Women will now be eligible to join the Navy SEALs, Army Special Forces and other Special Operations Units. It also opens the Marine Corps infantry, a battle-hardened force that many service officials had openly advocated keeping closed to female service members.

“There will be no exceptions,” Carter said. “This means that, as long as they qualify and meet the standards, women will now be able to contribute to our mission in ways they could not before.”

Carter’s announcement caps three years of experimentation at the Pentagon and breakthroughs for women in the armed services. Earlier this year, two female soldiers became the first women to ever graduate from the Army’s grueling Ranger School. But the Pentagon’s project also set off a bitter debate about how women should be integrated.

Carter said that top leaders in the Army, Navy, Air Force and U.S. Special Operations Command all recommended that all jobs be opened to women. The Marine Corps recommended that certain jobs such as machine gunner be kept closed, but the secretary said that the military is a joint force, and his decision will apply to everyone. The top Marine officer who made that recommendation, Gen. Joseph F. Dunford, became chairman of the Joint Chiefs of Staff in September, and did not appear alongside Carter on Thursday.

The services will have 30 days to provide plans to Carter on how they will implement the policy change, he said. By law, the military also must notify Congress formally and wait that long before making any changes.
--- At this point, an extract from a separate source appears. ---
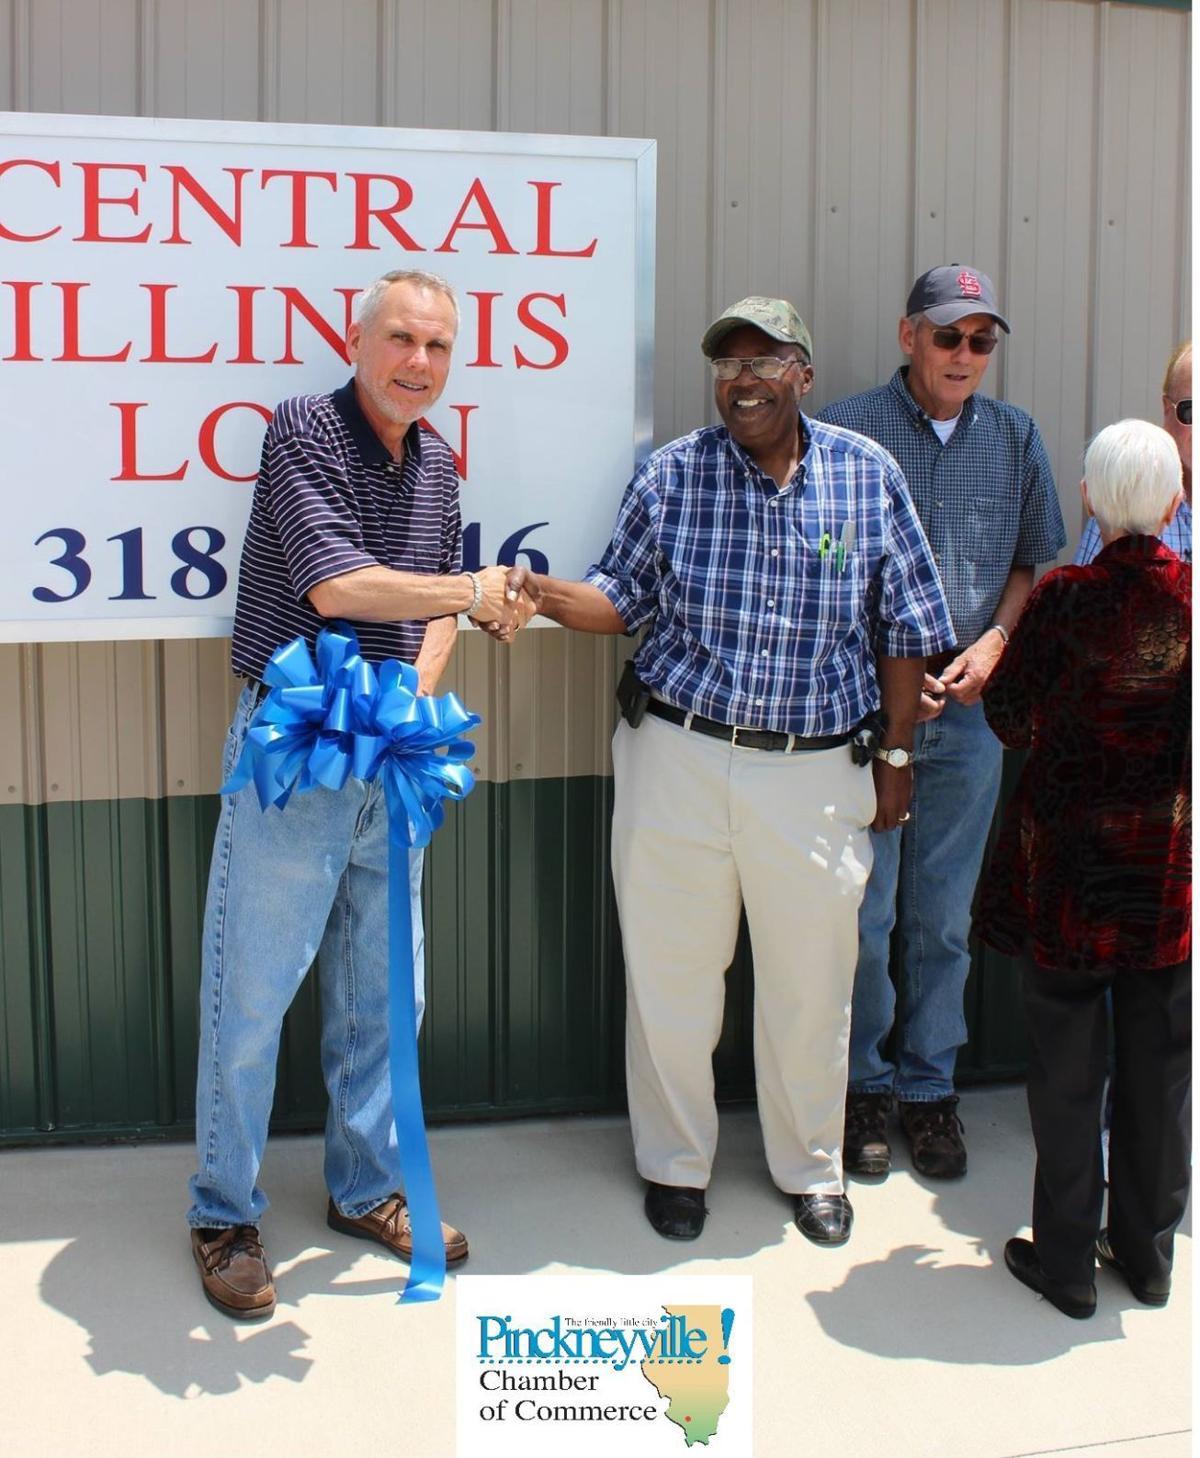 Central Illinois Loans opens branch in Pinckneyville
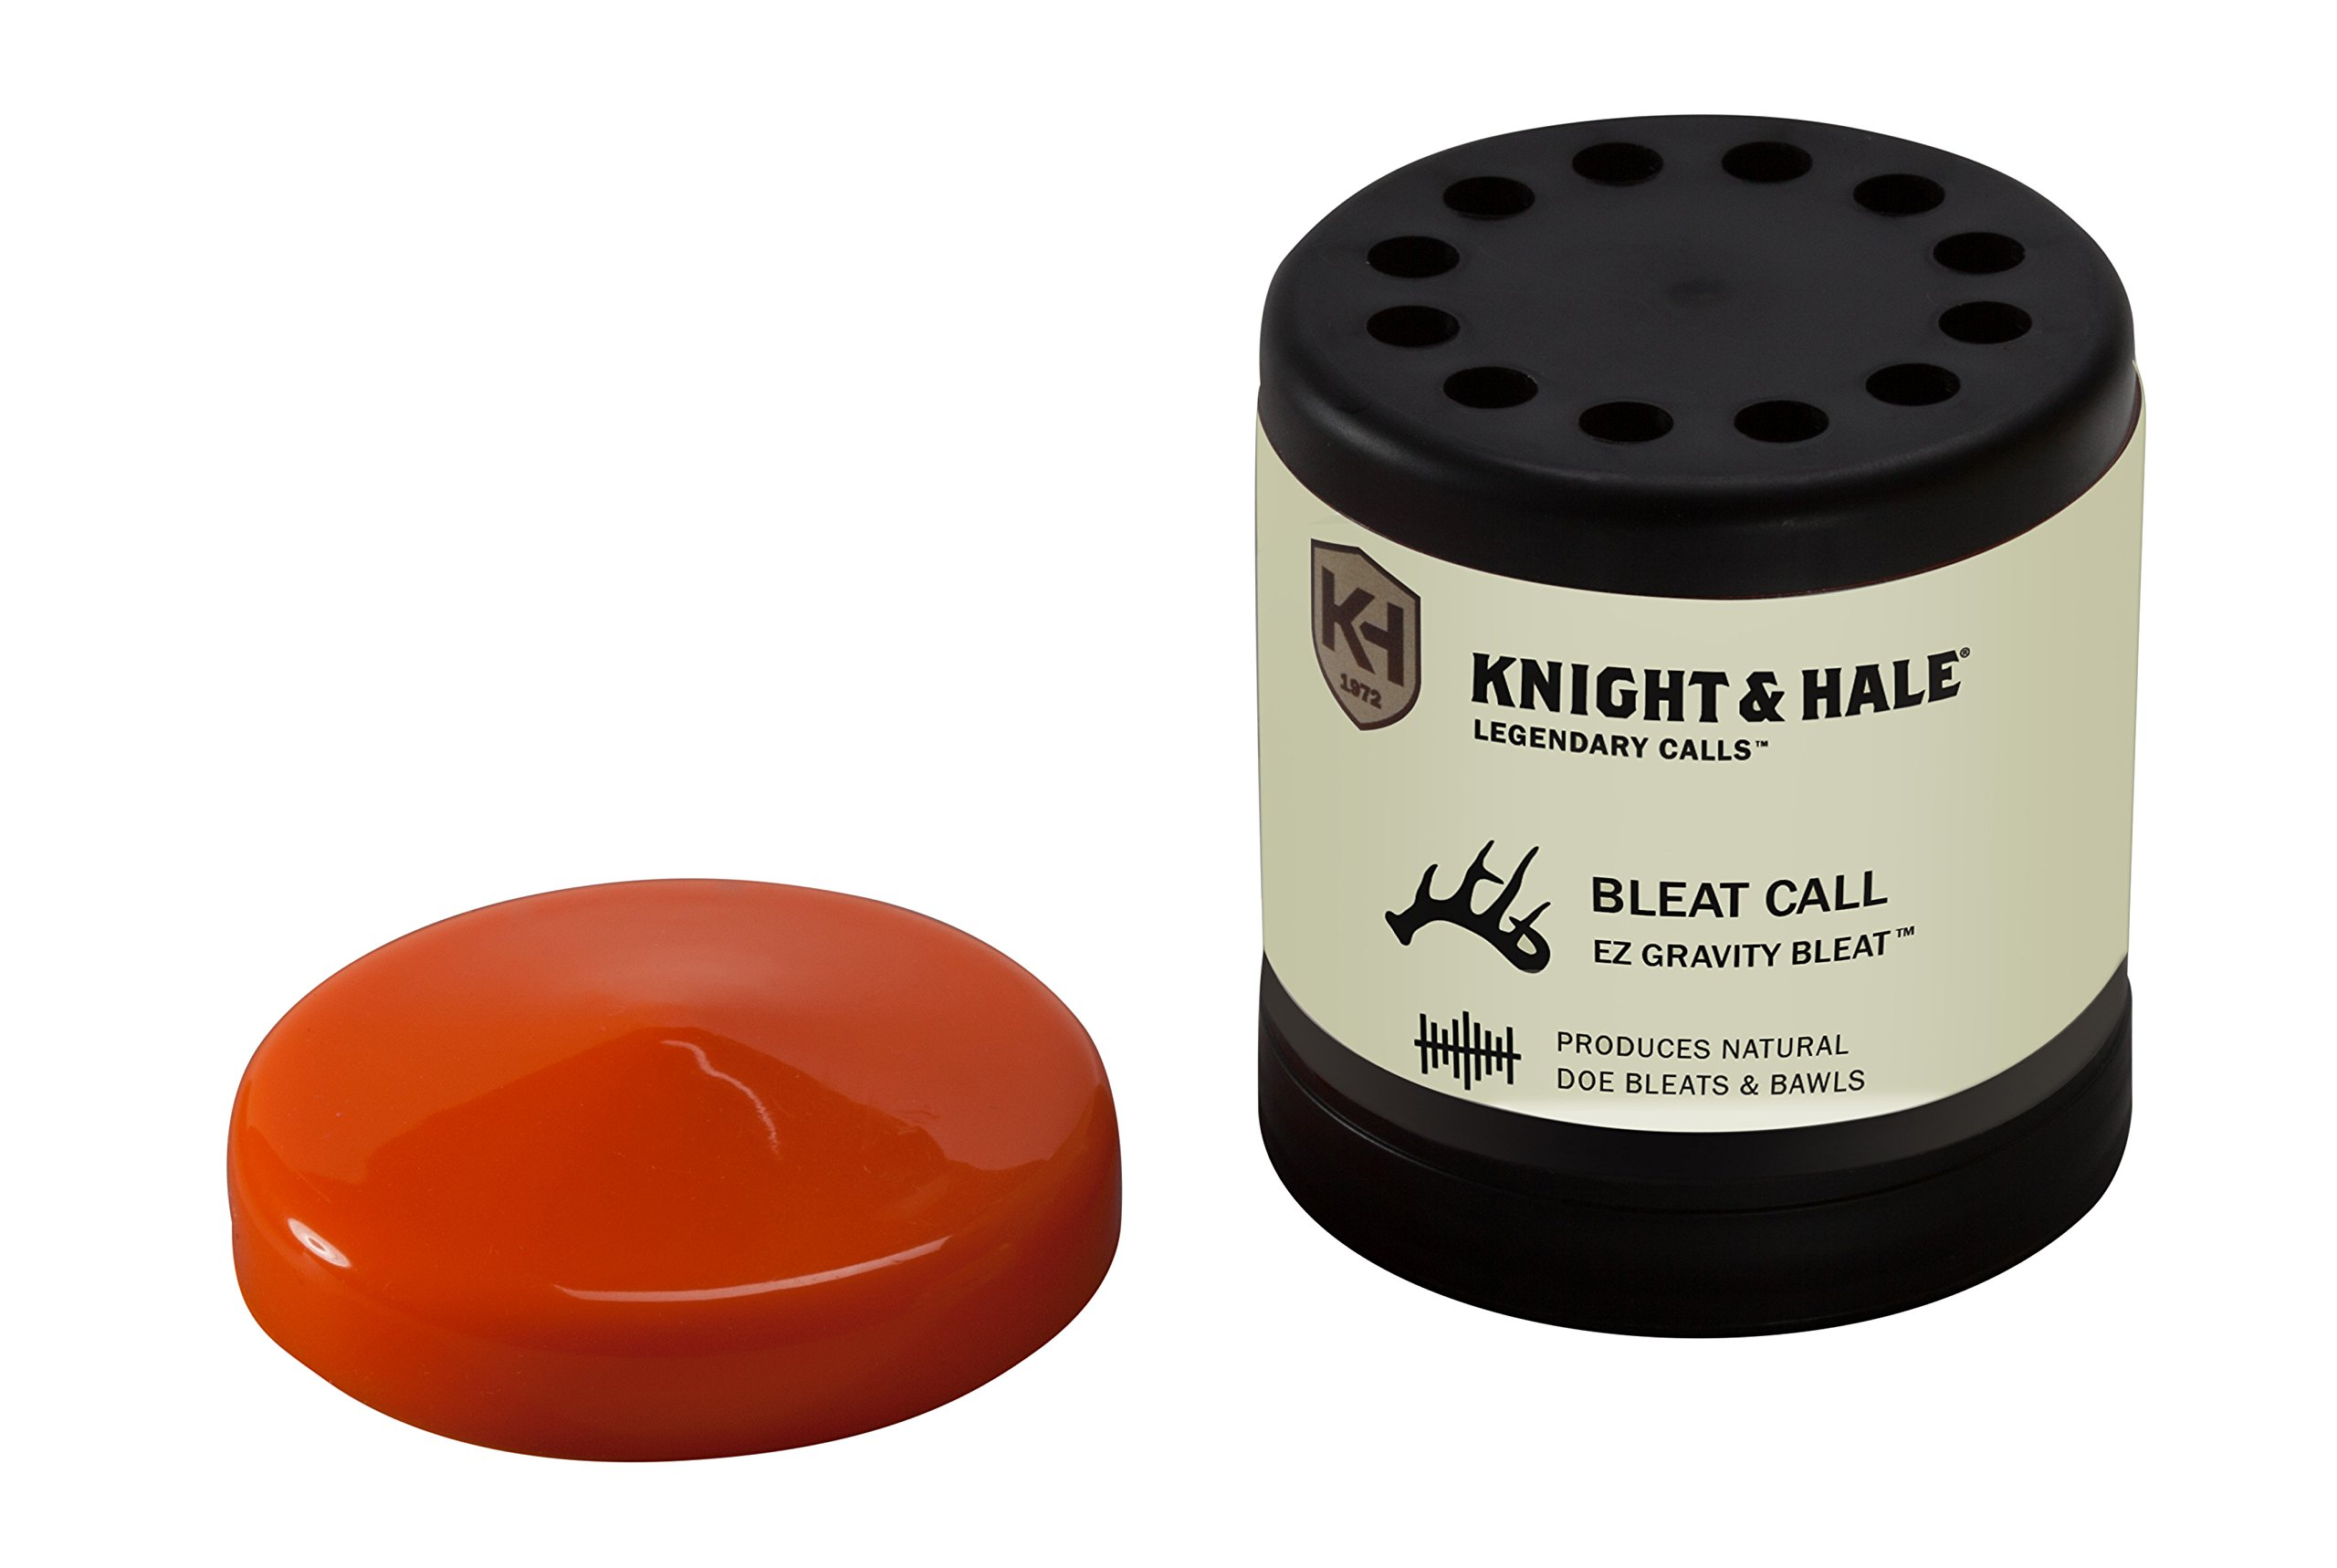 Knight & Hale EZ Gravity Bleat Deer Call

The roots of the secretary’s decision date back to January 2013, when then-Defense Secretary Leon Panetta announced he was rescinding a longtime ban on women serving directly in ground combat units. Panetta gave the services until this fall to research the issue.

About 220,000 jobs, or about 10 percent, of the military remained closed to women before Thursday’s announcement, Carter said. Another 110,000 jobs in careers like artillery officer were opened in a series of decisions since 2013.